IN33A-3760:
Linking descriptive geology and quantitative machine learning through an ontology of lithological concepts

Wednesday, 17 December 2014
Jens F Klump1, Robert Huber2, Jess Robertson1, Simon J D Cox3 and Robert Woodcock4, (1)CSIRO Mineral Resources Flagship, Kensington, WA, Australia, (2)MARUM - University of Bremen, Bremen, Germany, (3)CSIRO Land and Water, Highett, Australia, (4)CSIRO Digital Productivity & Services, Acton, ACT, Australia
Abstract:
Despite the recent explosion of quantitative geological data, geology remains a fundamentally qualitative science. Numerical data only constitute a certain part of data collection in the geosciences. In many cases, geological observations are compiled as text into reports and annotations on drill cores, thin sections or drawings of outcrops. The observations are classified into concepts such as lithology, stratigraphy, geological structure, etc. These descriptions are semantically rich and are generally supported by more quantitative observations using geochemical analyses, XRD, hyperspectral scanning, etc, but the goal is geological semantics. In practice it has been difficult to bring the different observations together due to differing perception or granularity of classification in human observation, or the partial observation of only some characteristics using quantitative sensors.

In the past years many geological classification schemas have been transferred into ontologies and vocabularies, formalized using RDF and OWL, and published through SPARQL endpoints. Several lithological ontologies were compiled by stratigraphy.net and published through a SPARQL endpoint. This work is complemented by the development of a Python API to integrate this vocabulary into Python-based text mining applications.

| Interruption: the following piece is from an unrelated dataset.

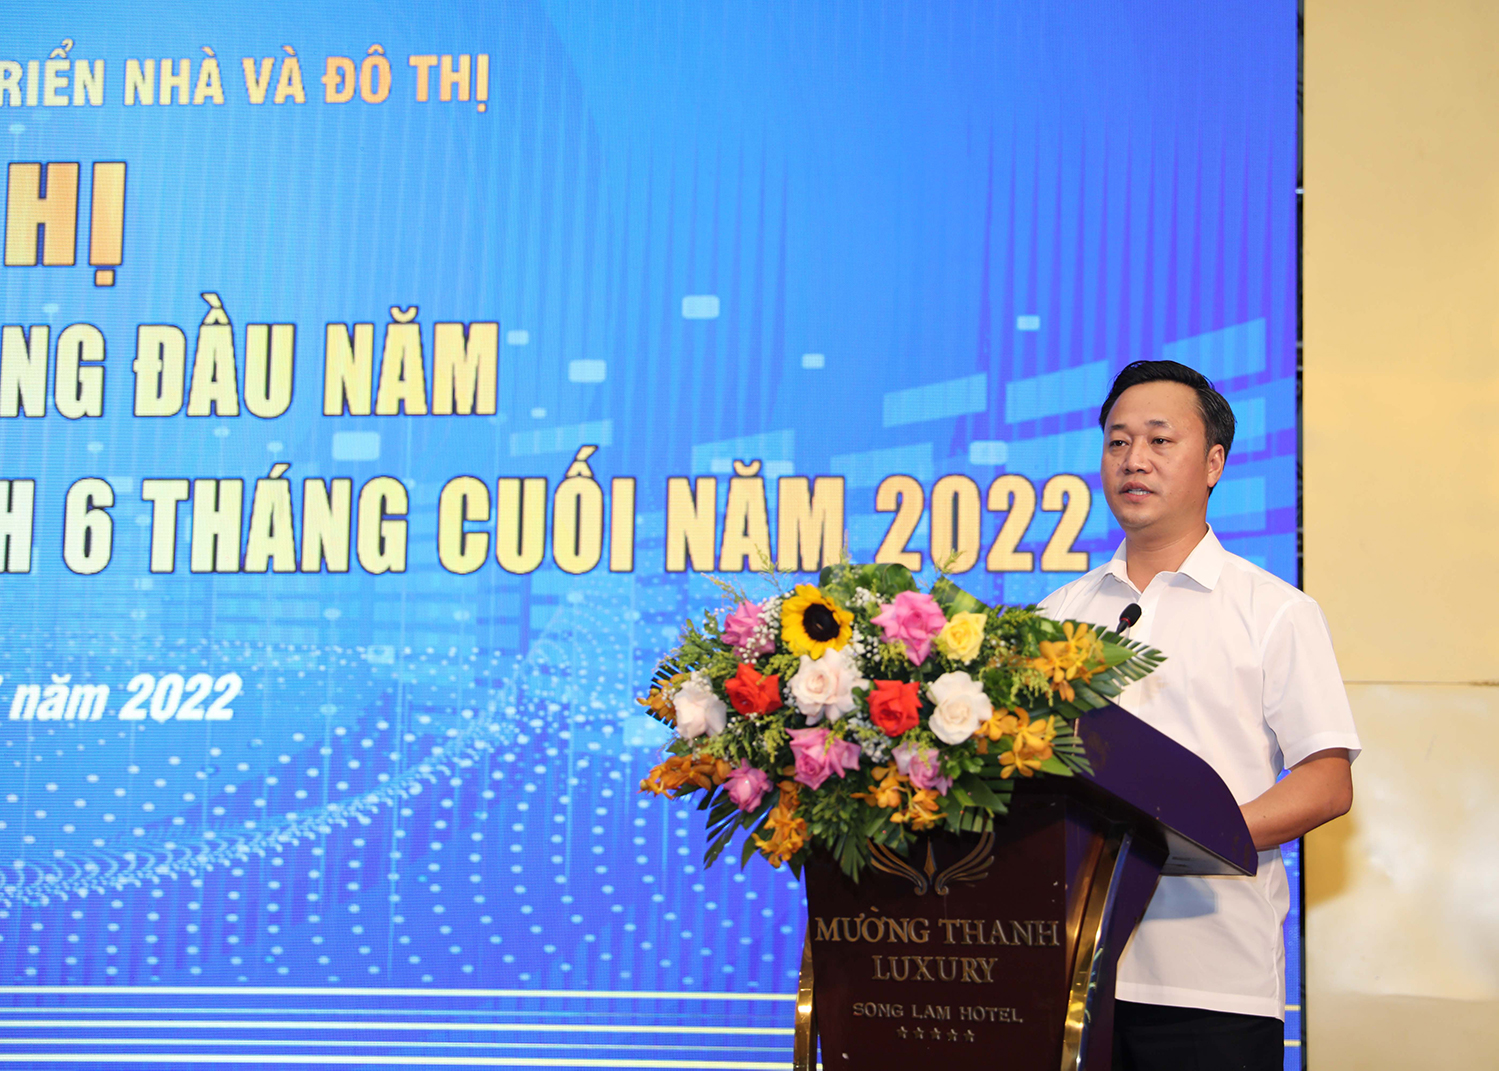 Đồng chí Nguyễn Việt Hùng, Bí thư Đảng uỷ, Chủ tịch HĐTV Tổng công ty Đầu tư phát triển nhà và đô thị phát biểu kết luận Hội nghị.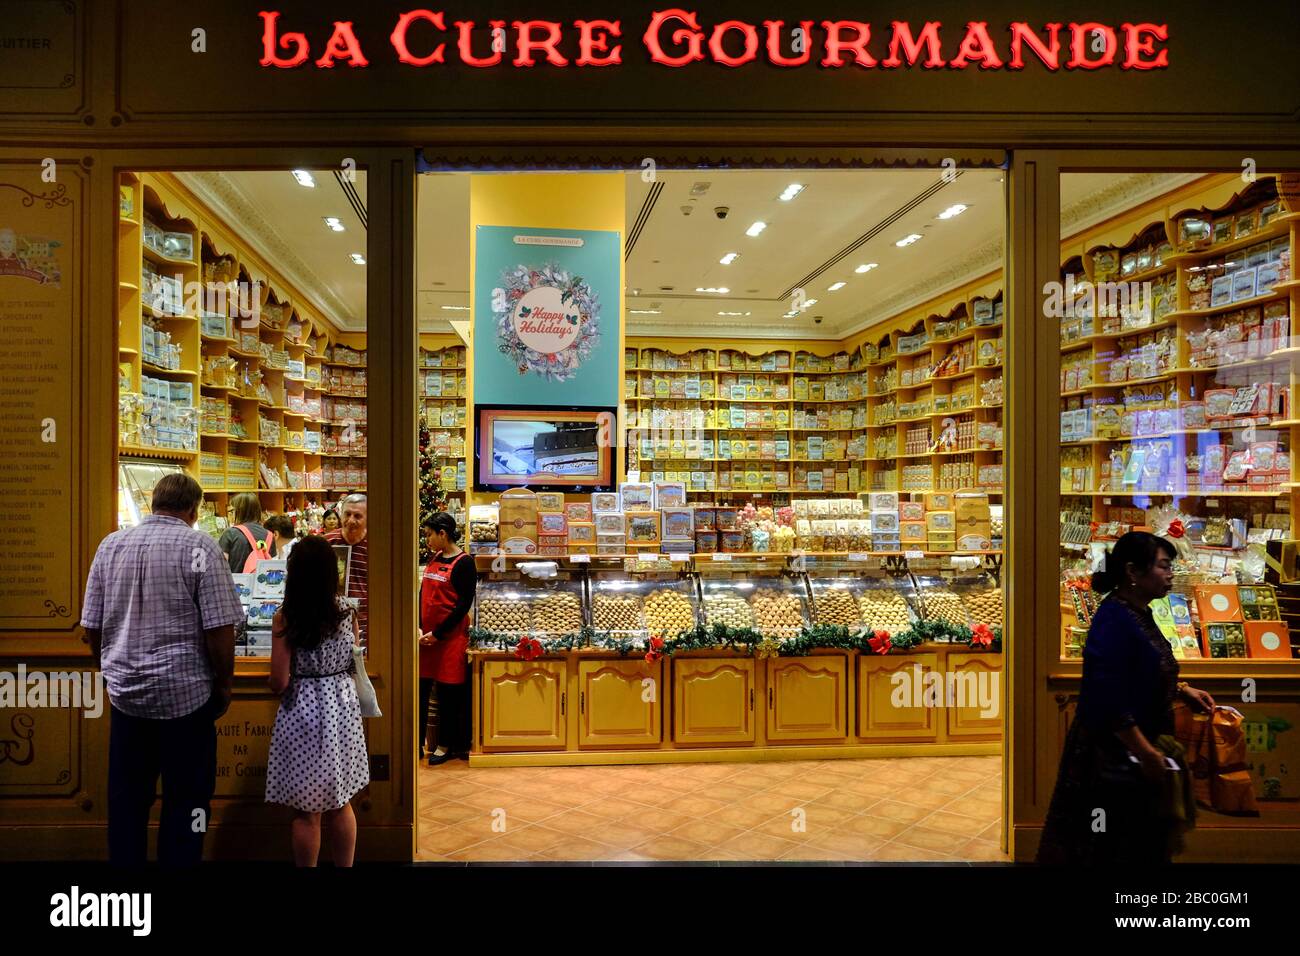 La Cure Gourmande Gourmet-Schaufenster in der gigantischen Dubai Mall im Stadtzentrum von Dubai, Vereinigte Arabische Emirate. Stockfoto

The applications for the lithological vocabulary and Python API are

  1. automated semantic tagging of geochemical data and descriptions of drill cores,
  2. machine learning of geochemical compositions that are diagnostic for lithological classifications, and
  3. text mining for lithological concepts in reports and geological literature.

This combination of applications can be used to identify anomalies in databases, where composition and lithological classification do not match. It can also be used to identify lithological concepts in the literature and infer quantitative values. The resulting semantic tagging opens new possibilities for linking these diverse sources of data.